* **GIVEN ENTRIES**:
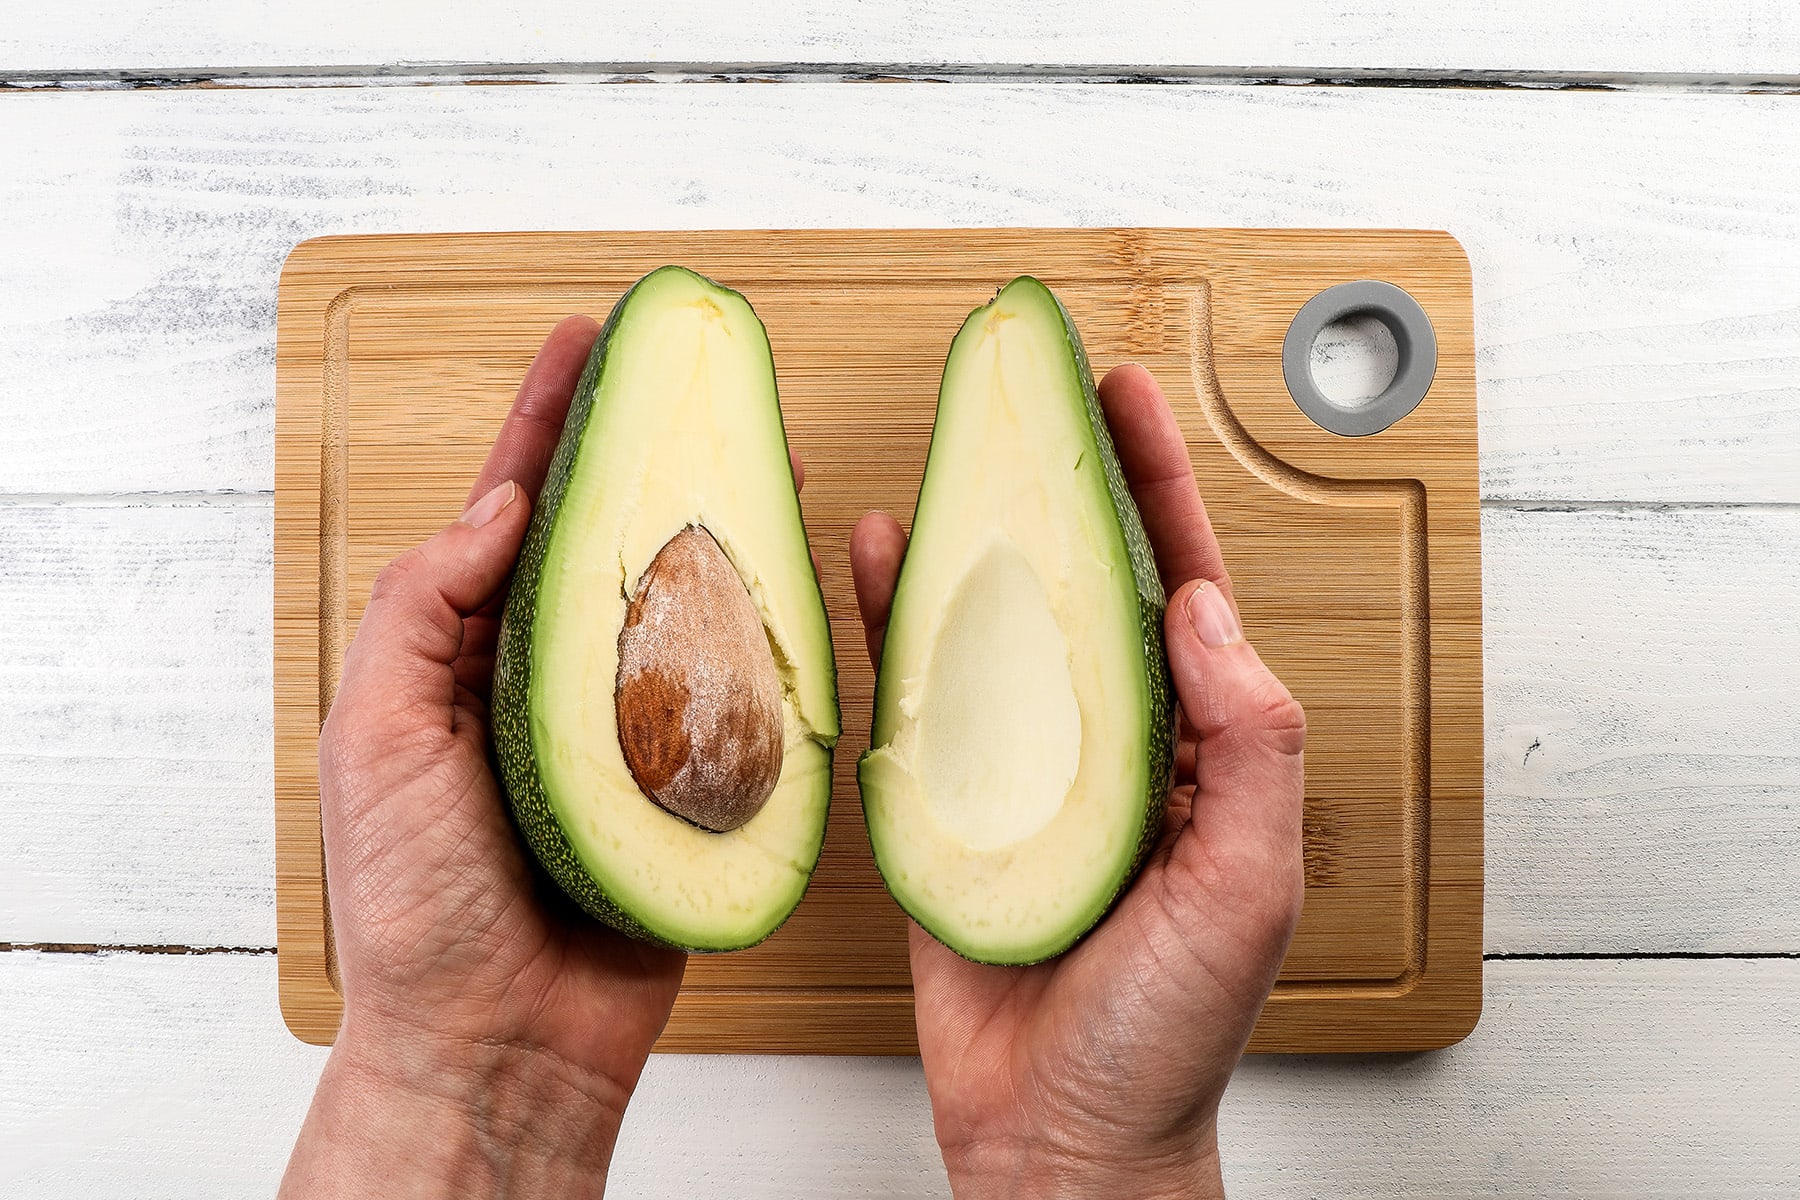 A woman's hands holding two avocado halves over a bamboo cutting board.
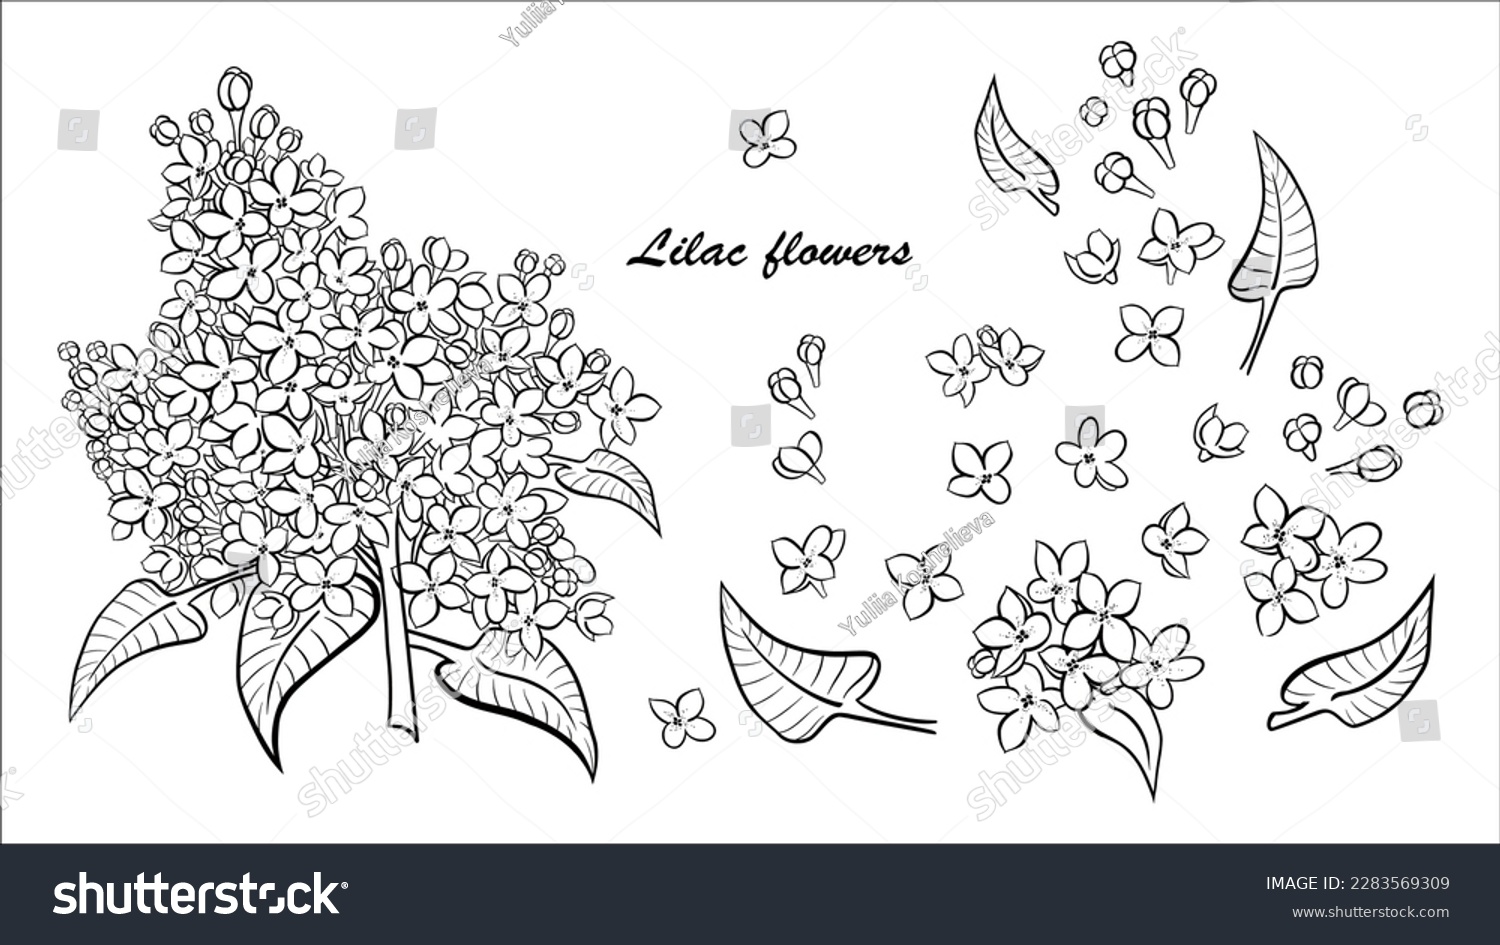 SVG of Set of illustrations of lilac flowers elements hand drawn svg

---

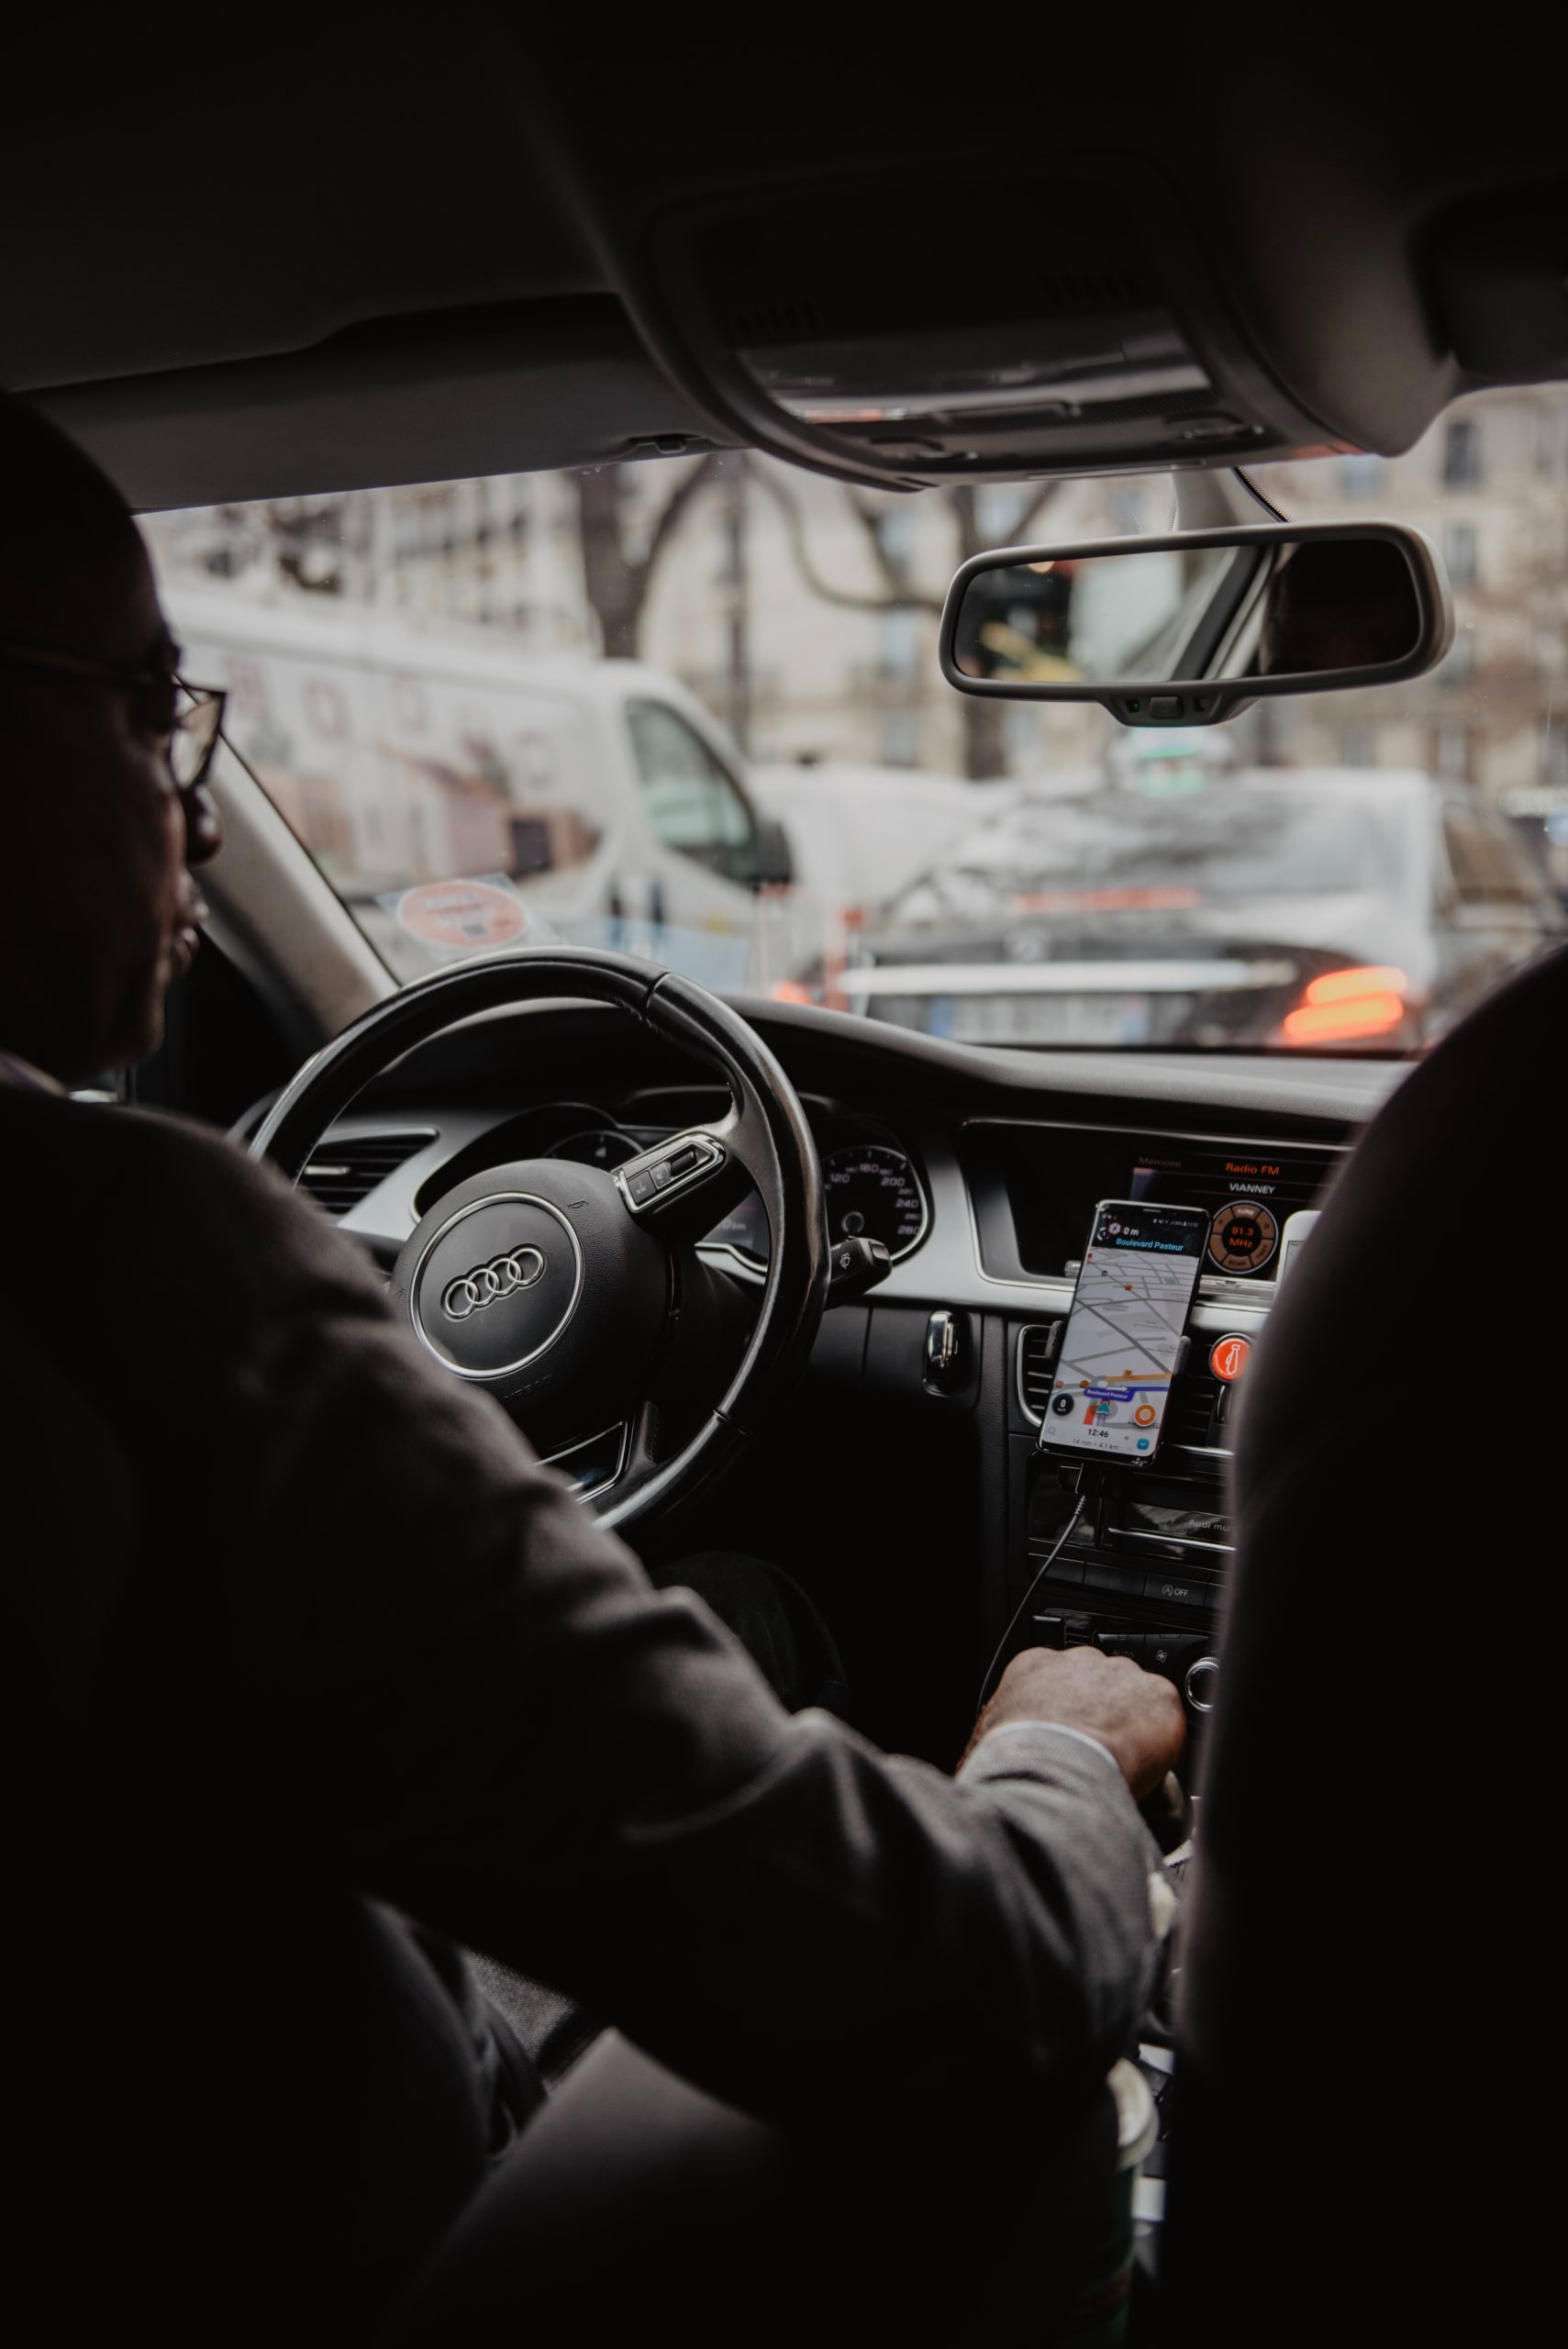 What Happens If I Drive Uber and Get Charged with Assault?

...

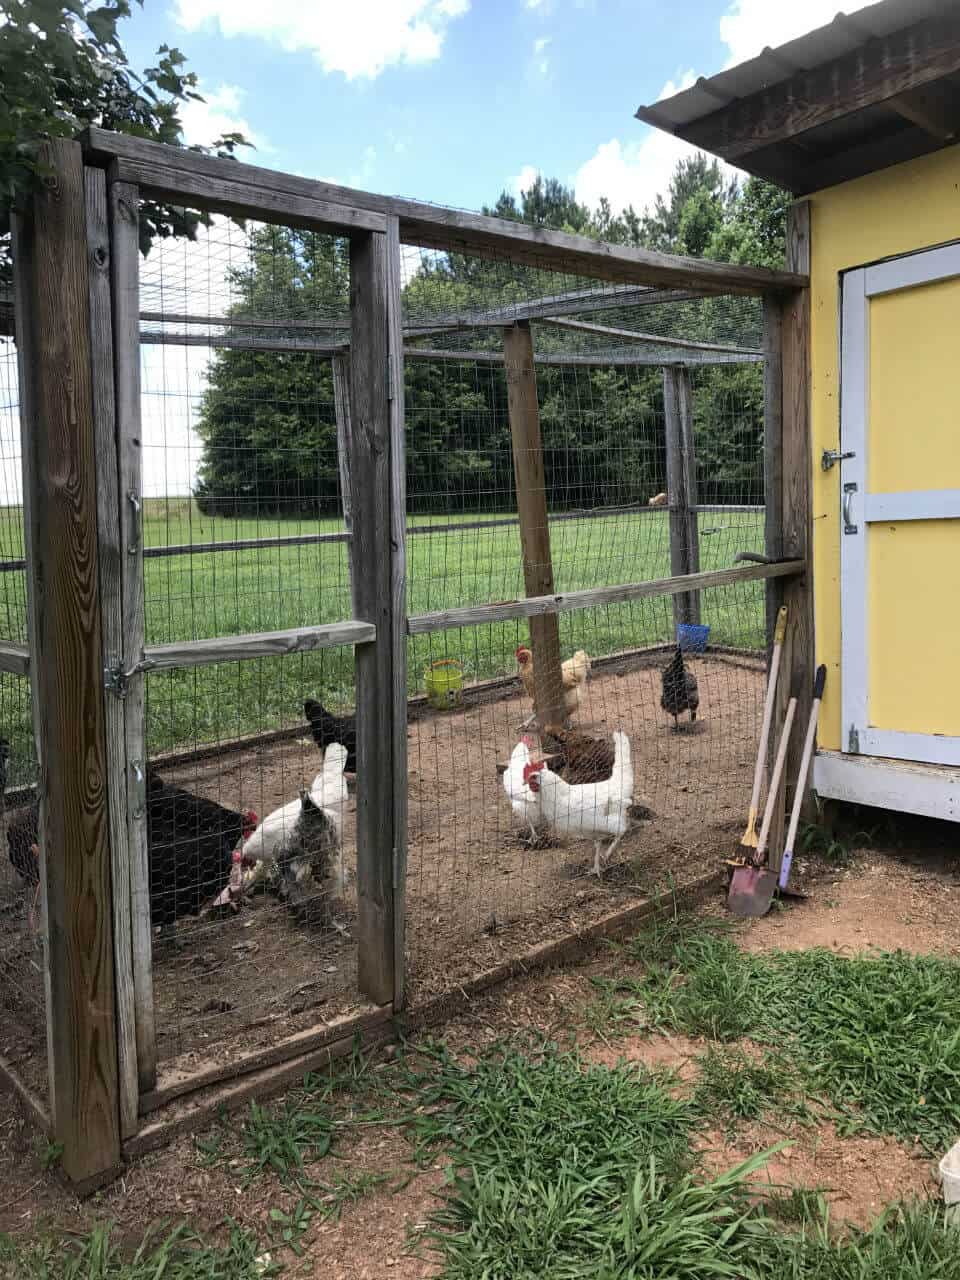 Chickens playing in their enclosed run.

* **TASK**: Work from the entries above. Set down exactly and only the lines from the line with "A woman's hands" to the line with "SVG of Set of", both included, and leave the pictures out.

* **PROBLEM SOLUTION**:
 A woman's hands holding two avocado halves over a bamboo cutting board.
 SVG of Set of illustrations of lilac flowers elements hand drawn svg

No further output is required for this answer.